В нескольких километрах к Северу от пологой вершины Теплостанской возвышенности, на пологом холме, на опушке Битцевского леса стоит здание, где расположена организация «Цикламен». Здесь, в самой высокой точке Москвы (255м над уровнем моря) зимою царит суровый климат: Петр I в этих краях «селить людишек» не разрешил, «ибо померзнут». Что же касаемо «климата» в переносном смысле этого слова, то он там – ну, просто убийственный.

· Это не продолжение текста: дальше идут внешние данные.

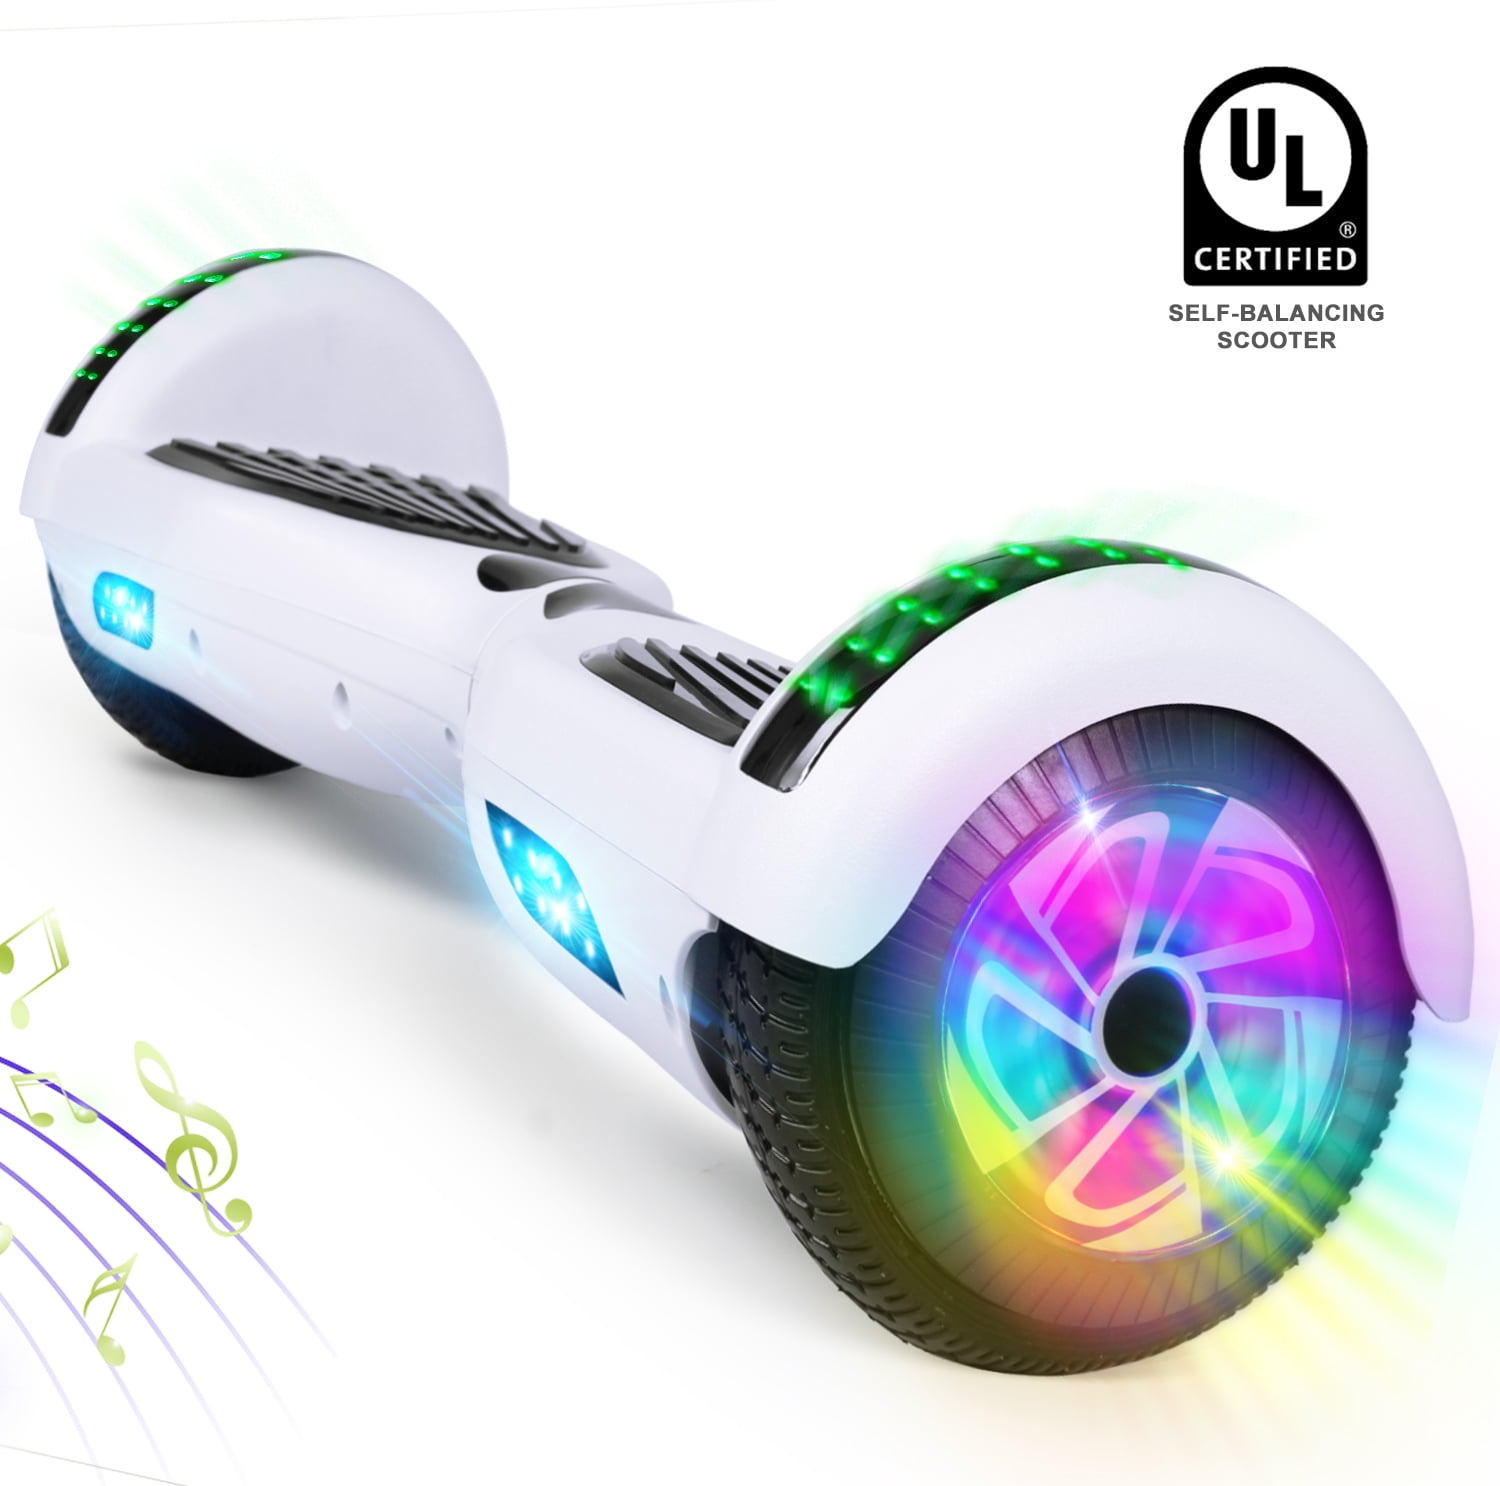 Hoverboard 6.5" Two-Wheels Balancing Scooter w/ Bluetooth Speaker No Bag Green 
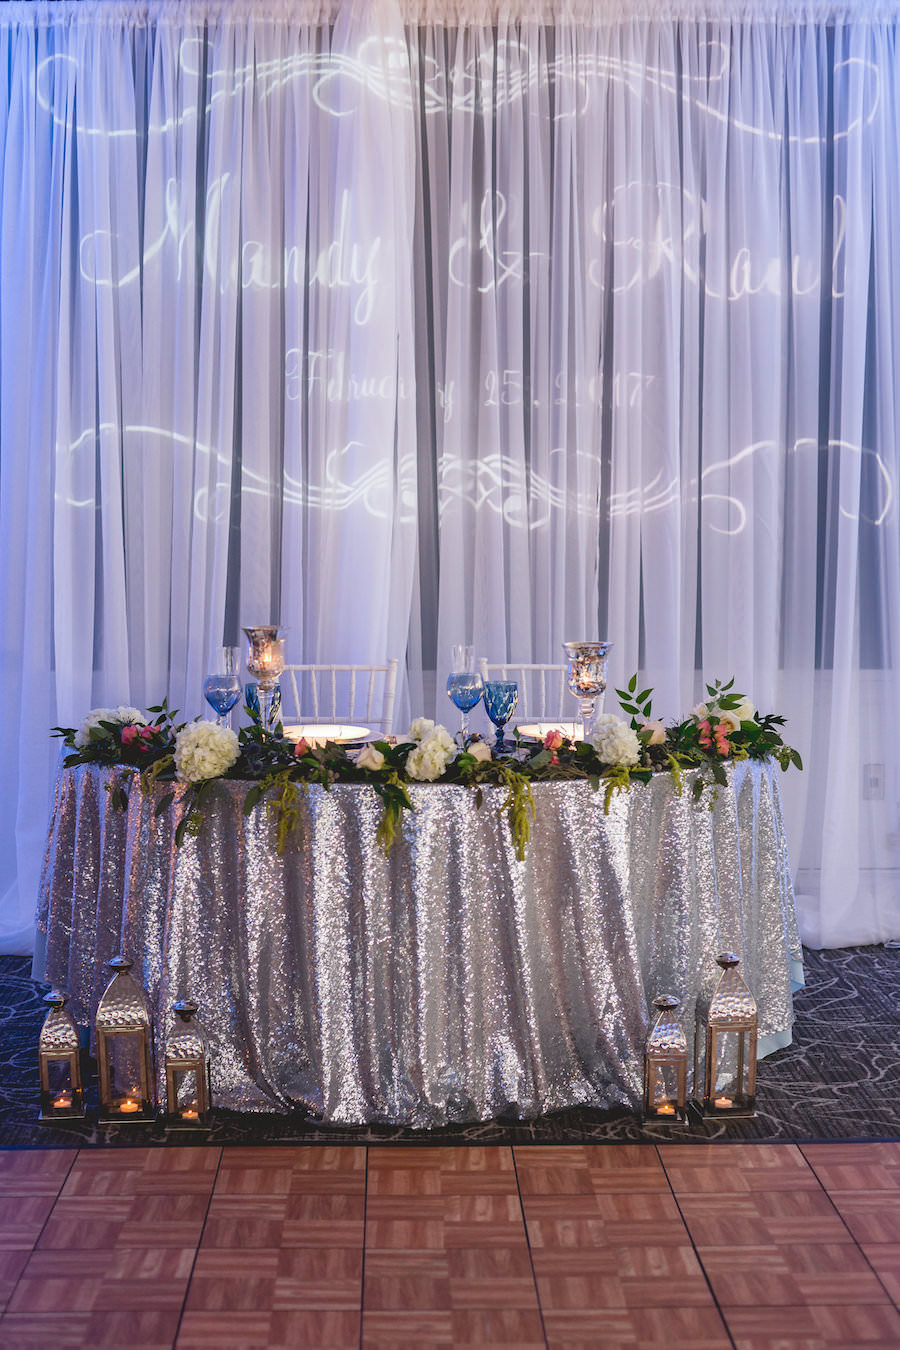 Silver, White and Blue Wedding Reception Decor with Sweetheart Table | Tampa Bay Wedding Venue | Bay Harbor Hotel

Но, проработав на «Цикламене» 48 лет, я настолько привык к этой пыточной камере,  приобрел такую стойкую психологическую зависимость от нее, что, ее лишившись, вот уже шесть лет «торчу» (испытываю наркотическую ломку).
Я хотел бы, чтобы меня похоронили на «Цикламене» - урну с моим прахом замуровали в одной из его стен с облупившейся покраской, чтобы всегда быть в курсе его увлекательной, богатой на интриги, политической жизни.

6. Измайлово

Ареал моего обитания охватывает значительную часть этого района Москвы – от Измайловского шоссе до 9-й Парковой улицы, но его средоточием для меня всегда оставался просторный и благоухающий Измайловский парк, который невозможно отделить от моей жизни.
Я хотел бы, чтобы меня похоронили на берегу Серебрянки, чтобы я мог прислушиваться  к тихому и ласковому плеску ее мелких вод.

7. Новогиреево

Я поселился в этом бывшем дачном районе в 1968 году, когда он представлял собою огромный фруктовый сад. Выглянув из окна весною, можно было представить себя пассажиром корабля, бороздящего безбрежное море белоснежной кипени. За прошедшее с тех пор время все фруктовые деревья исчезли, - и от их цветения остались лишь светлые отсветы на потолке моей комнаты; а все Новогиреево вплоть до самого горизонта заросло бетонным лесом из однообразных уродливых многоэтажных зданий, но, прожив в этом районе 50 лет, я прикипел душой к своему двенадцатиэтажному блочному дому – месту моего предстоящего упокоения.
Я хотел бы, чтобы после смерти мой труп сожгли на лужайке перед моим домом на ложе из моей сложенной штабелем личной библиотеки, а прах и золу развеяли над Новогиреево.
                Июль 2017


Рецензии
Почти семь лет прошло с момента этой публикации. Рано торопитесь: Вам еще жить да жить!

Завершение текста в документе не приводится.